Frobenius, Georg Ferdinand
Frobenius, Georg Ferdinand
(b. Berlin, Germany, 26 October 1849; d. Charlottenburg, Berlin, Germany, 3 August 1917)
Frobenius was the son of Christian Ferdinand Frobenius, a parson, and Christiane Elisabeth Friedrich. He attended the Joachimthal Gymnasium in Berlin and then began his mathematical studies at Gottingen in 1867, completing them with a doctorate at Berlin in 1870. In the latter year he taught at the Joachimthal Gymnasium and moved to the Sophienrealschule the following year. In 1874, on the basis of his mathematical papers, Frobenius was appointed assistant professor at the University of Berlin. The next year he was made a full professor at the Eidgenossische Polytechnikum in Zurich. In 1876 he married Auguste Lehmann. Frobenius returned permanently to the University of Berlin in 1892, as professor of mathematics. Important publications led to his election to membership in the Prussian Academy of Sciences at Berlin in 1893.
Frobenius wrote many papers, a number of them of decisive importance. Several were done with other prominent researchers, particularly with Ludwig Stickelberger and Issai Schur.
Frobenius’ major achievements were in group theory, which in the 1870’s and 1880’s, through the joining of its three historical roots—the theory of solutions of algebraic equations (Galois theory, permutation groups), geometry (finite and infinite transformation groups, Lie theory), and number theory (composition of quadratic forms, modules)—produced the concept of the abstract group, the first abstract mathematical structure in the modern sense.
Frobenius, who had become acquainted with the idea of abstract algebra in Berlin, through Leopold Kronecker and Ernst Kummer, made fundamental contributions to the concept of the abstract group in “Ueber Gruppen von vertauschbaren Elementen” (1879), written with Stickelberger, and in “Über endliche Gruppen” (1895). He exerted even greater influence on the development of group theory by means of the theory of finite groups of linear substitutions of n variables. This theory, which he and Schur completed in all its essential aspects, was conceived from the beginning as a representation theory of abstract groups. Its nucleus is the theory of group characters. Among the relevant works on this topic are “Über die Gruppencharaktere” (1896), “Über die Darstellung der endlichen Gruppen durch lineare Substitutionen” (1897, 1899), “Über die Komposition der Charaktere einer Gruppe” (1899), and “Über die reellen Darstellungen der endlichen Gruppen” (1906), written with Schur.

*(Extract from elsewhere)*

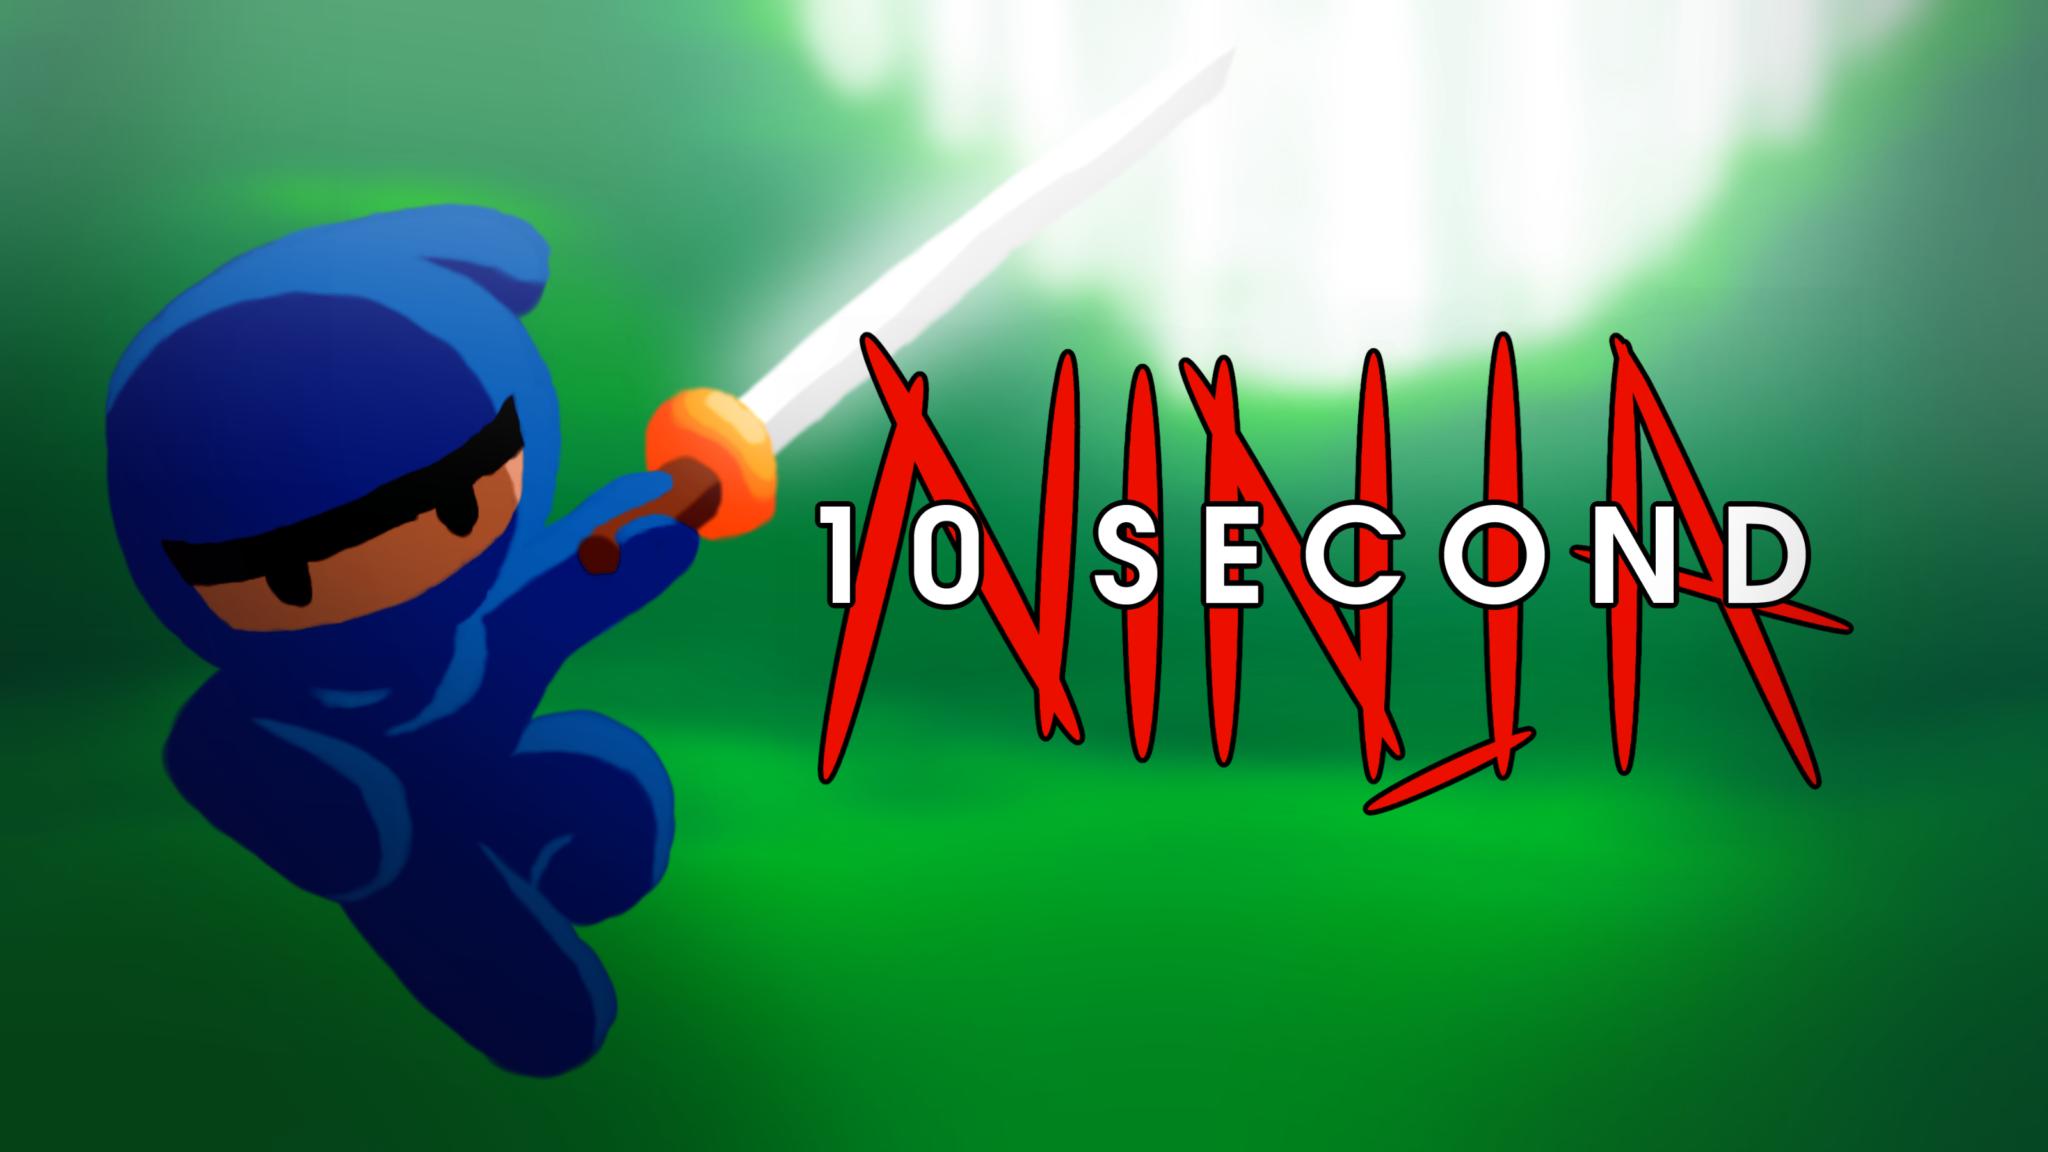 Look Out Robot Hitler, it's 10 Second Ninja!

The representation theory of finite groups through linear substitutions was later to offer the possibility of surprising and important applications to difficult questions in the theory of finite groups, properly speaking, and, in the 1920’s and 1930’s, to grouptheory questions in quantum mechanics.
I. Original Works. Forbenius’ writings were brought together in Gesammelie Abhandlungen, J. P. Serre, ed., 3 vols. (Berlin-Heidelberg-New York, 1968). Among his works are “Ueber Gruppen von vertauschbaren Elementen,” in Journal für die reine und angewandte Mathematik, 86 (1879), 217–262, written with L. Stickelberger; “Über endliche Gruppen,” in Sitzungsberichte der Preussischen Akademie der Wissenschaften zu Berlin (1895), 81–112; “Über die Darstellung der endlichen Gruppen durch lineare Substitutionen,” in Monatsberichte der Preussischen Akademie der Wissenschaften zu Berlin (1897), 994–1015, (1899), 482–500; and “Über die reellen Darstellungen der endlichen Gruppen,” ibid. (1906), 186–208, written with I. Schur.
II. Secondary Liteature. Frobenius’ work is discussed in H. Wussing, Die Genesis des abstrakten Gruppenbegriffes (Berlin, 1969), pp. 182–184. A short biography is N. Stuloff, “G. F. Frobenius,” in Neue Deutsche Biographie, V (1961), 641. There are also biographies and information on works in Deutsches biographisches Jahrhuch (1917–1920; 2nd ed., Berlin–Leipzig, 1928), p. 654; Poggendorff, III, 481; IV, 463–464; V, 399, and VI, pt. 2, 824; and Vierteljahrsschrift der Naturforschenden Gesellschaft in Zürich, 62 (1917), 719.